Don't mistake desperation for despair, though. Over the years, the Pro Bowl has offered sneaky value for bettors who've known where to strike, and the lines for this season's exhibition look to be exploitable.

Here are three key things to consider when betting the NFL's All-Star showcase:

Know your rosters

The first thing to do when betting on the Pro Bowl is avoid falling in love with conventional betting trends. The underdog has covered in 13 of the last 16 years, including 10 outright wins, but rosters change each year and the betting lines are more guesswork than an exact science.

That said, the AFC (-1.5) has won three straight and four of the last five matchups, and its roster looks equipped to take advantage again this year.

The NFC is loaded at the running back position, but the last four Pro Bowls have featured a combined 412 rushing yards between both teams, with no one rushing for 100 yards. The pass-first display strongly favors the AFC, which has a deeper and more star-studded secondary that should excel through 60 minutes of mostly man coverage.

Familiarity can also play a key role, especially with so many shuffling parts due to injury, retirement, and Super Bowl substitutions. This also favors the AFC. Ravens quarterback Lamar Jackson will have his top target in Mark Andrews to throw to early on, and he'll be protected by four regular teammates in linemen Marshal Yanda, Ronnie Stanley, and Orlando Brown as well as fullback Patrick Ricard. He could even run the option with teammate Mark Ingram, too, if AFC coach John Harbaugh dials it up.

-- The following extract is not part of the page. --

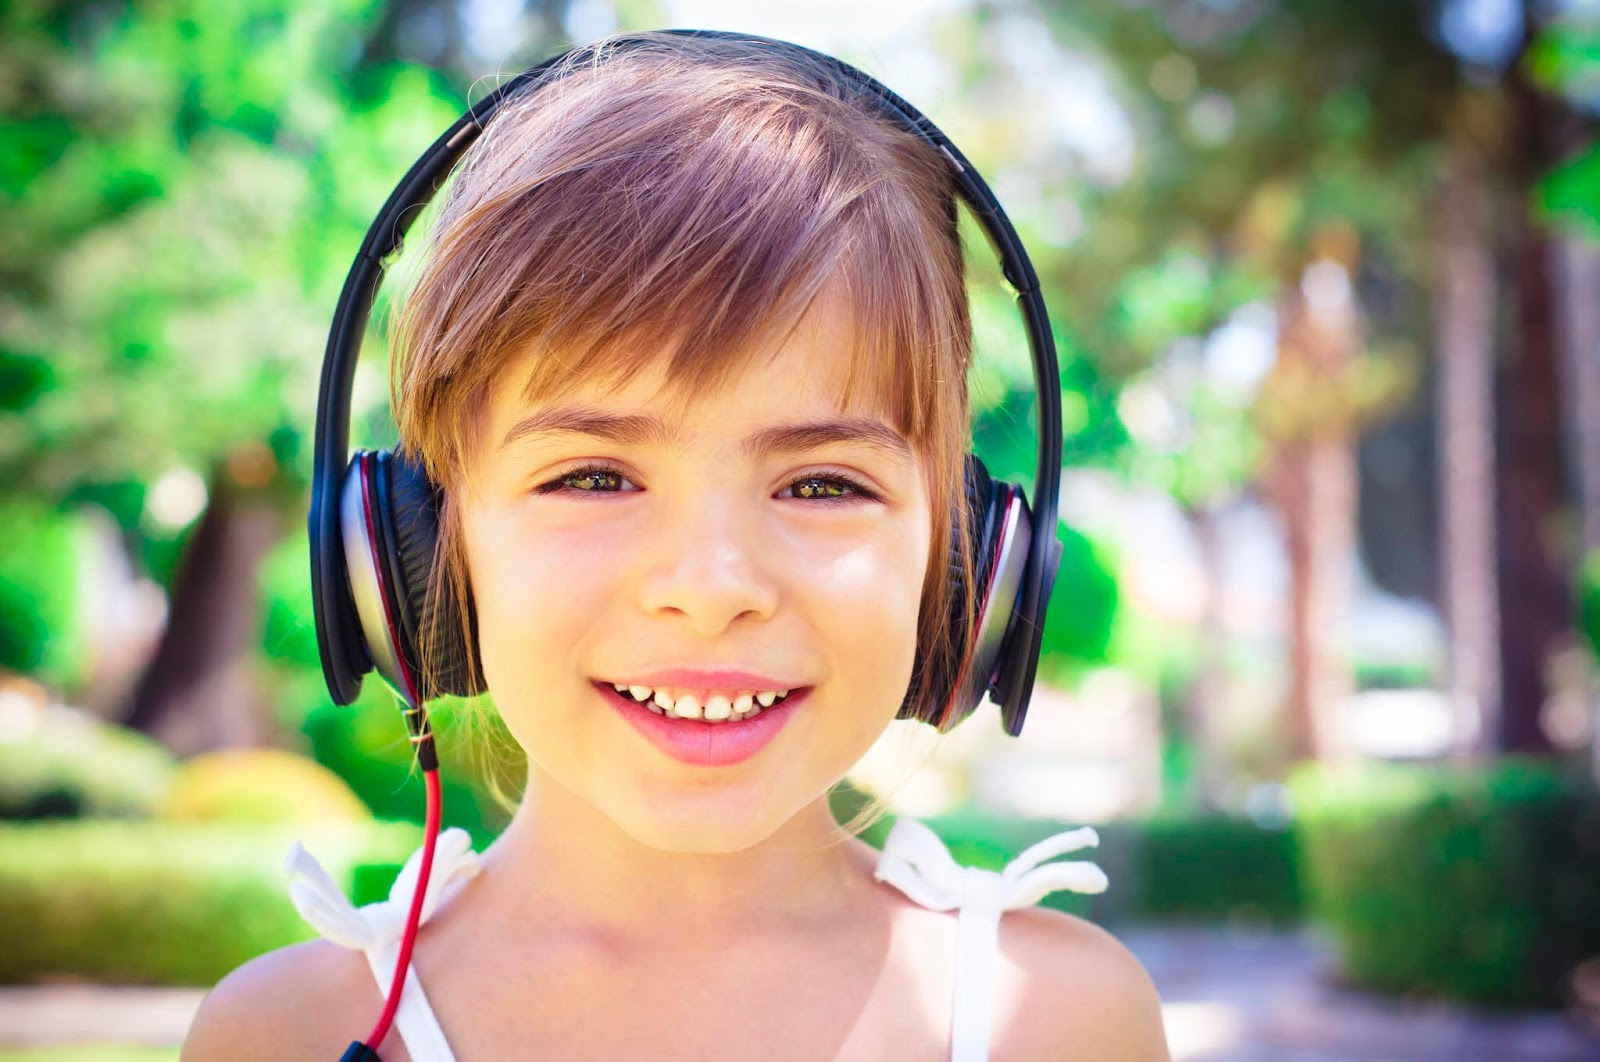 montessori activities at home. Listening to audiobooks.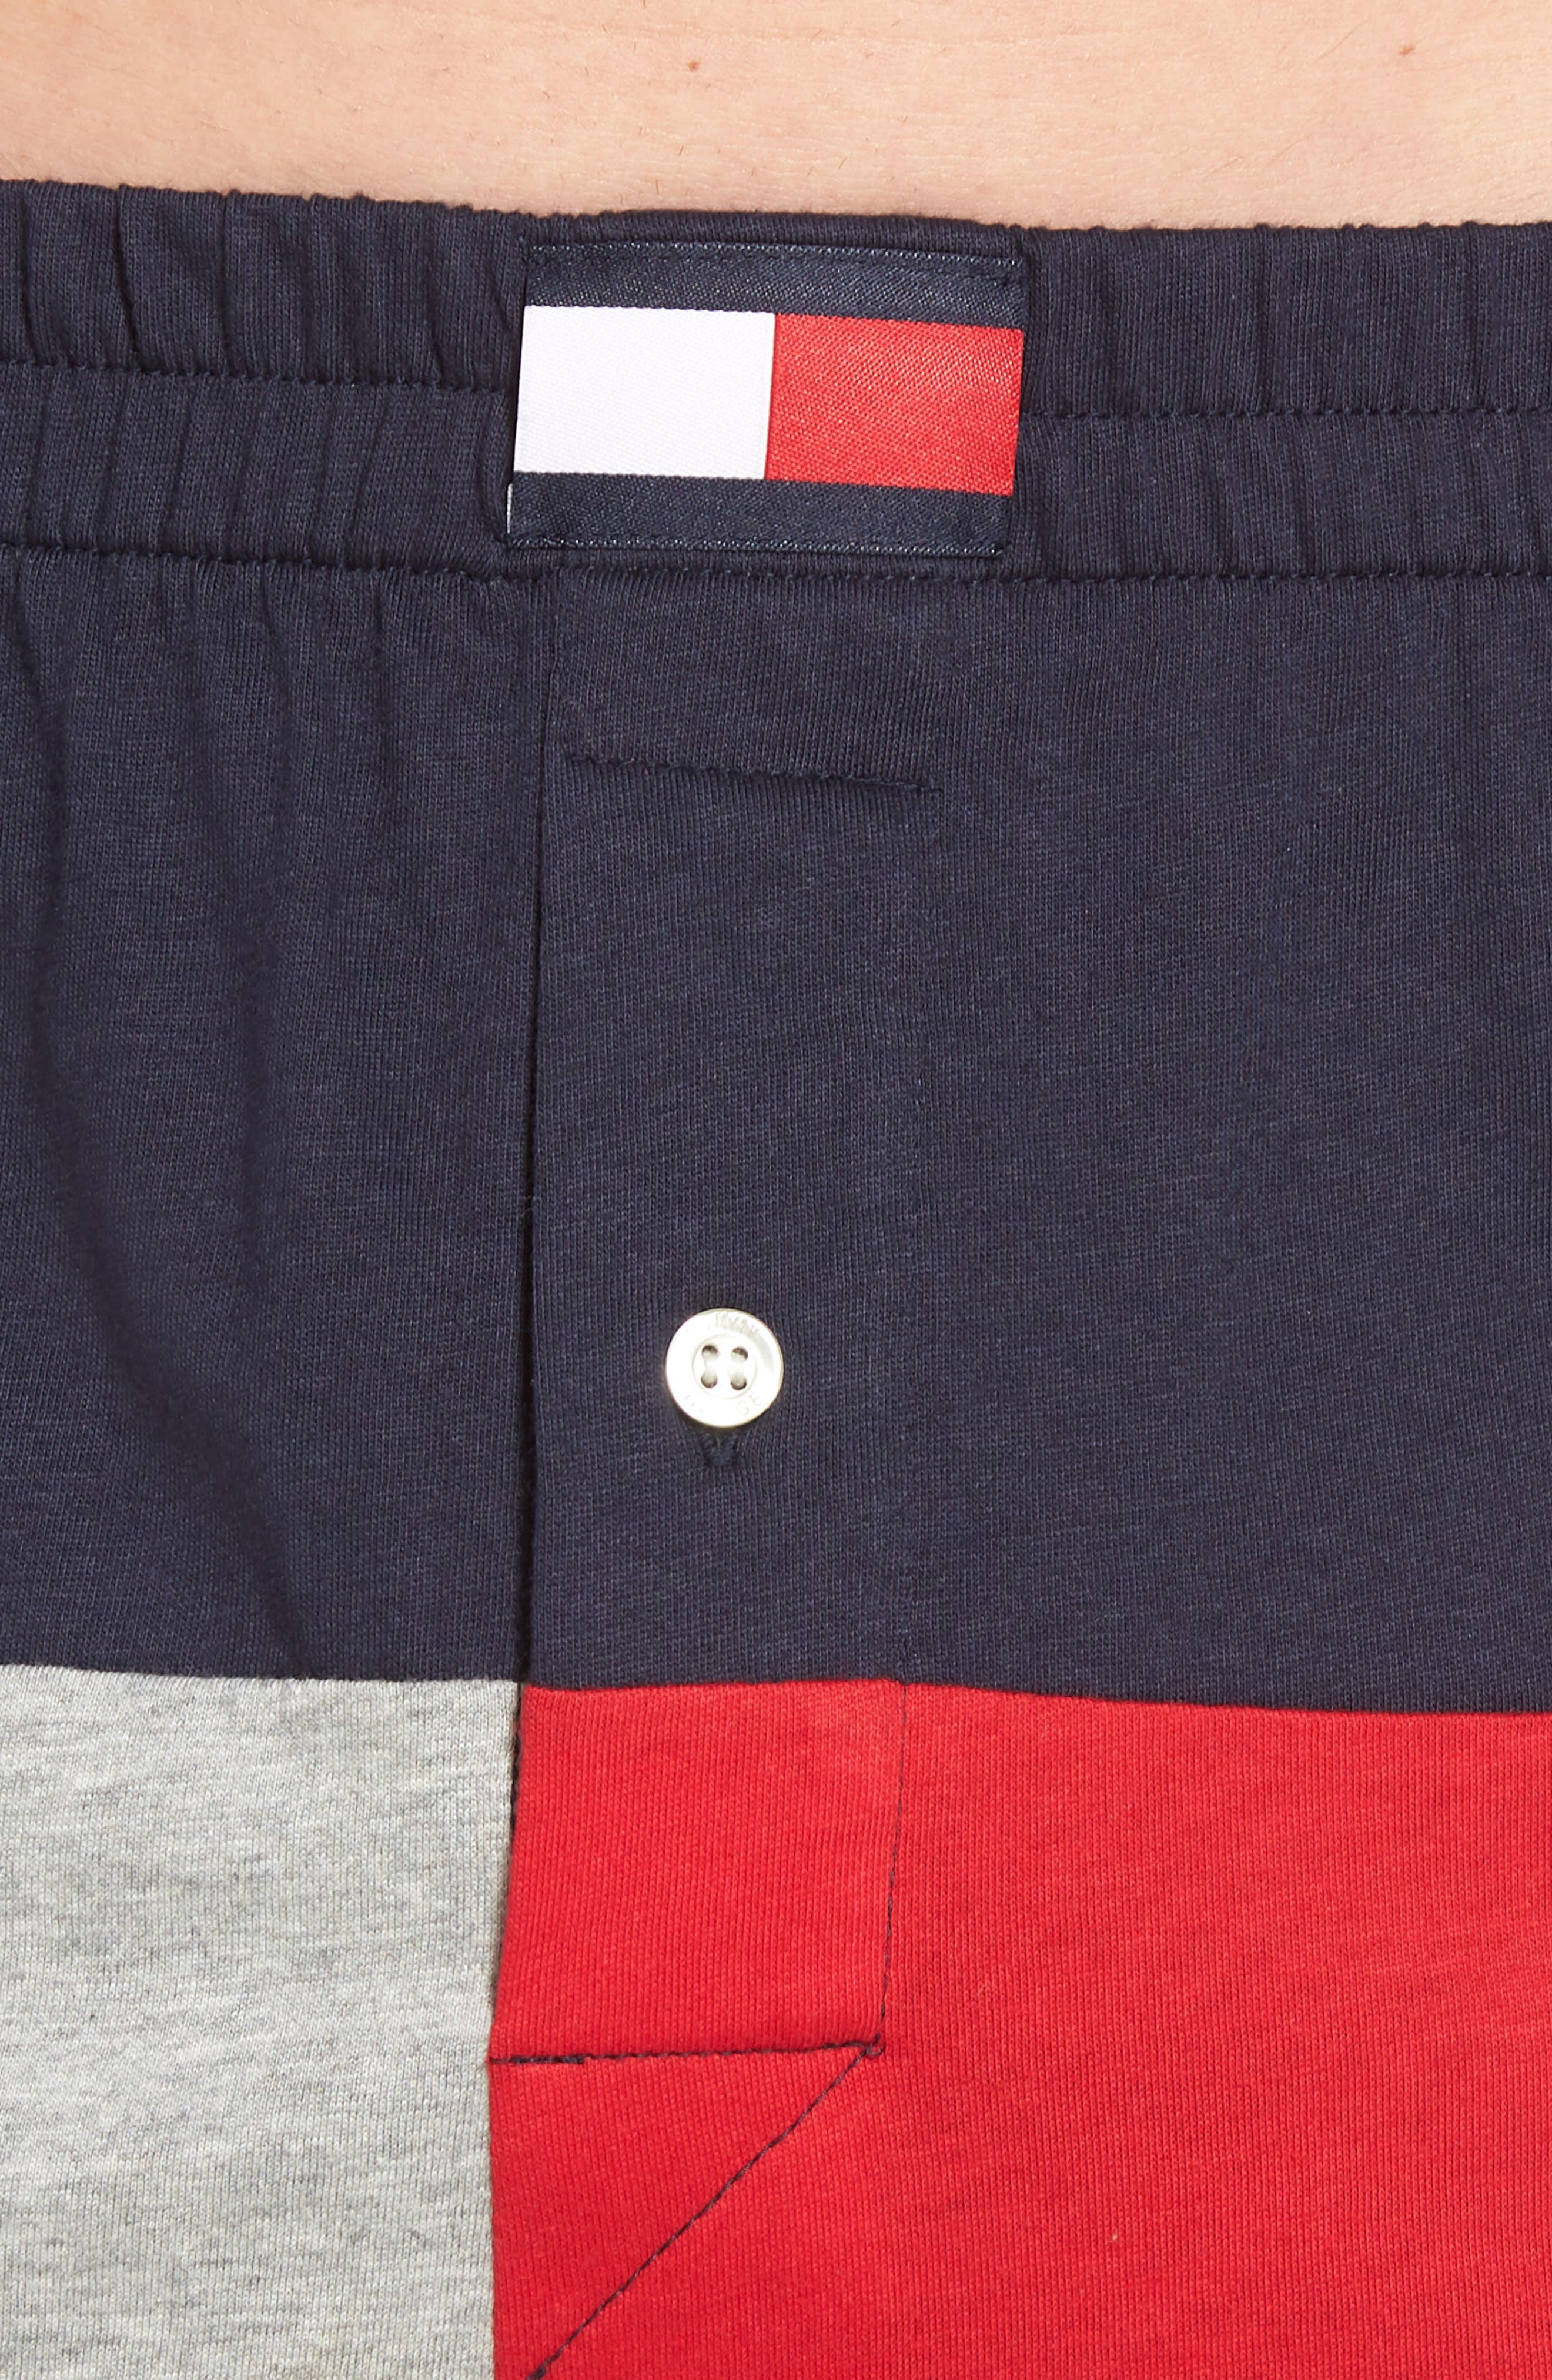 Colorblock Knit Boxers,                             Alternate thumbnail 4, color,

Saints quarterback Drew Brees could connect with Michael Thomas and Alvin Kamara for the NFC, but those three are unlikely to see much overlap given the team's depth chart. The AFC, meanwhile, features multiple starters wearing the same logo.

Focus on playmakers

With motivation a major question mark in these exhibitions, it only takes a few big plays to swing the momentum and effectively kill the losing team's chances. That means paying even closer attention to players who can break open the game with a single play.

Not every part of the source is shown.